The Uvalde school district's police chief has been placed on leave following allegations his response to the mass shooting at Robb Elementary School that left 19 students and two teachers dead was an "abject failure".
Uvalde Consolidated Independent School District superintendent Hal Harrell said that he put schools police chief Pete Arredondo on administrative leave because the facts of what happened the day in southern Texas remain unclear.
In a statement, Mr Harrell did not address officer's actions as on-site commander during the attack, but said he did not know when details of multiple investigations into the law enforcement response to the slayings would be revealed.
"From the beginning of this horrible event, I shared that the district would wait until the investigation was complete before making personnel decisions," Mr Harrell said.
"Because of the lack of clarity that remains and the unknown timing of when I will receive the results of the investigations, I have made the decision to place chief Arredondo on administrative leave effective on this date."
A spokesperson for the Uvalde school district, Anne Marie Espinoza, declined to say whether Mr Arredondo would continue to be paid while on leave.
Another officer will assume the embattled chief's duties, Mr Harrell said.
Colonel Steven McCraw, director of the Texas Department of Public Safety, told a state Senate hearing on Tuesday that Mr Arredondo made "terrible decisions" as the massacre unfolded on May 24, and that the police response was an "abject failure".

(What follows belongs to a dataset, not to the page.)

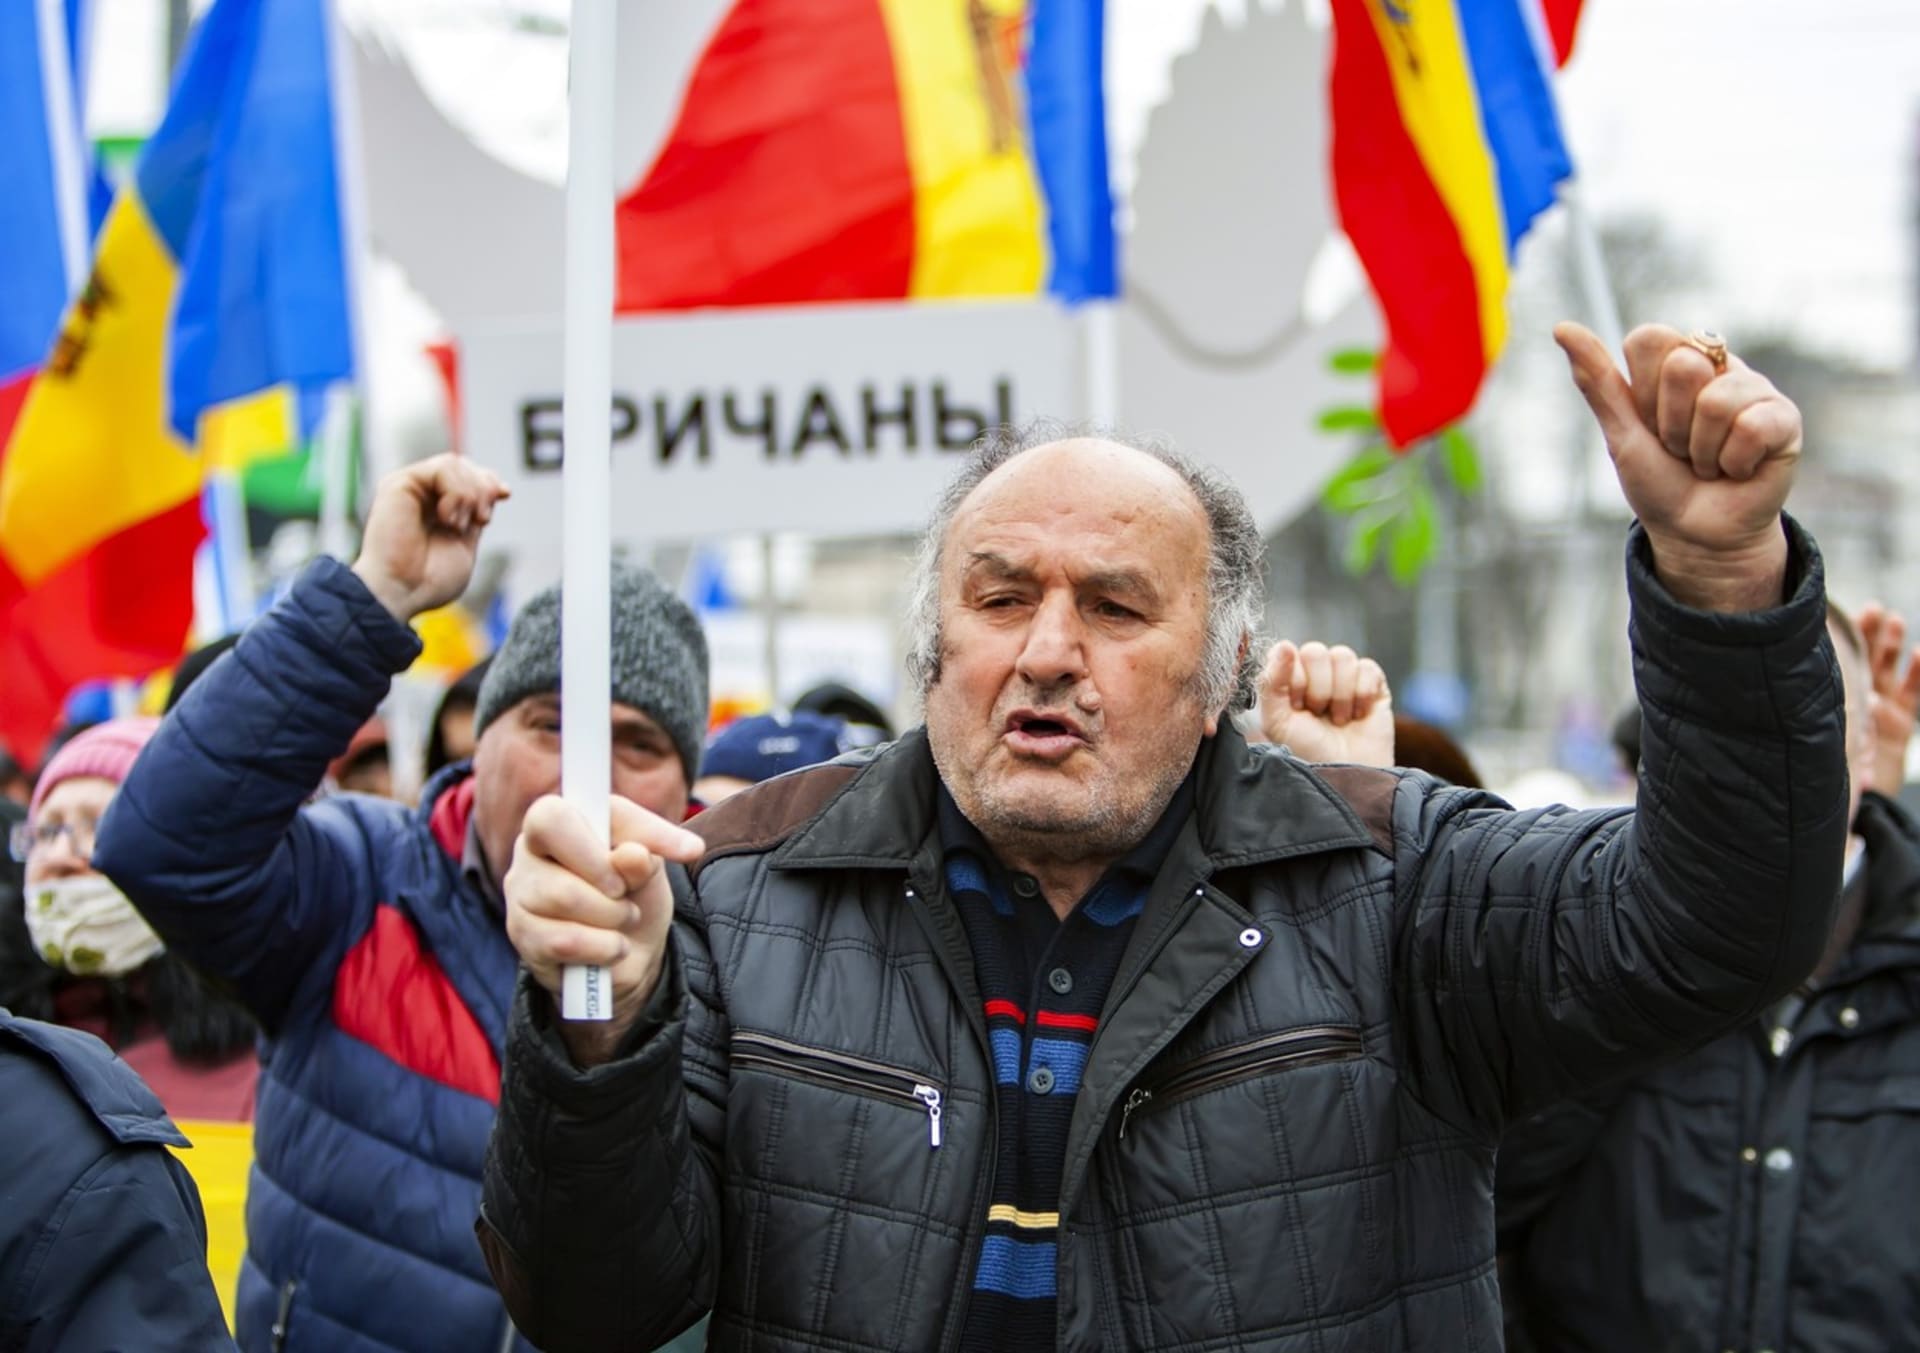 Část Moldavanů protestuje proti prozápadní vládě. Chtějí konec prezidentky, vlády a volají po neutralitě v konfliktu na Ukrajině.

Three minutes after 18-year-old Salvador Ramos entered the school, sufficient armed law enforcement were on scene to stop the gunman, Mr McCraw testified. Yet police officers armed with rifles waited in a school hallway for more than an hour while the gunman carried out the massacre.
The classroom door could not be locked from the inside, but there is no indication officers tried to open the door while the gunman was inside, Mr McCraw said.
The colonel has said parents begged police outside the school to move in and students inside the classroom repeatedly pleaded with 911 operators for help while more than a dozen officers waited in a hallway. Officers from other agencies urged Mr Arredondo to let them move in because children were in danger.
"The only thing stopping a hallway of dedicated officers from entering Room 111 and 112 was the on-scene commander who decided to place the lives of officers before the lives of children," Mr McCraw said.
Mr Arredondo has tried to defend his actions, telling the Texas Tribune that he did not consider himself the commander in charge of operations and that he assumed someone else had taken control of the law enforcement response.
He said he did not have his police and campus radios but that he used his cellphone to call for tactical gear, a sniper and the classroom keys.
It is still not clear why it took so long for police to enter the classroom, how they communicated with each other during the attack and what their body cameras show.
Officials have declined to release more details, citing the investigation.
Mr Arredondo, 50, grew up in Uvalde and spent much of his nearly 30-year career in law enforcement in the city. He took the head police job at the school district in 2020 and was sworn in as a member of the city council in a closed-door ceremony on May 31.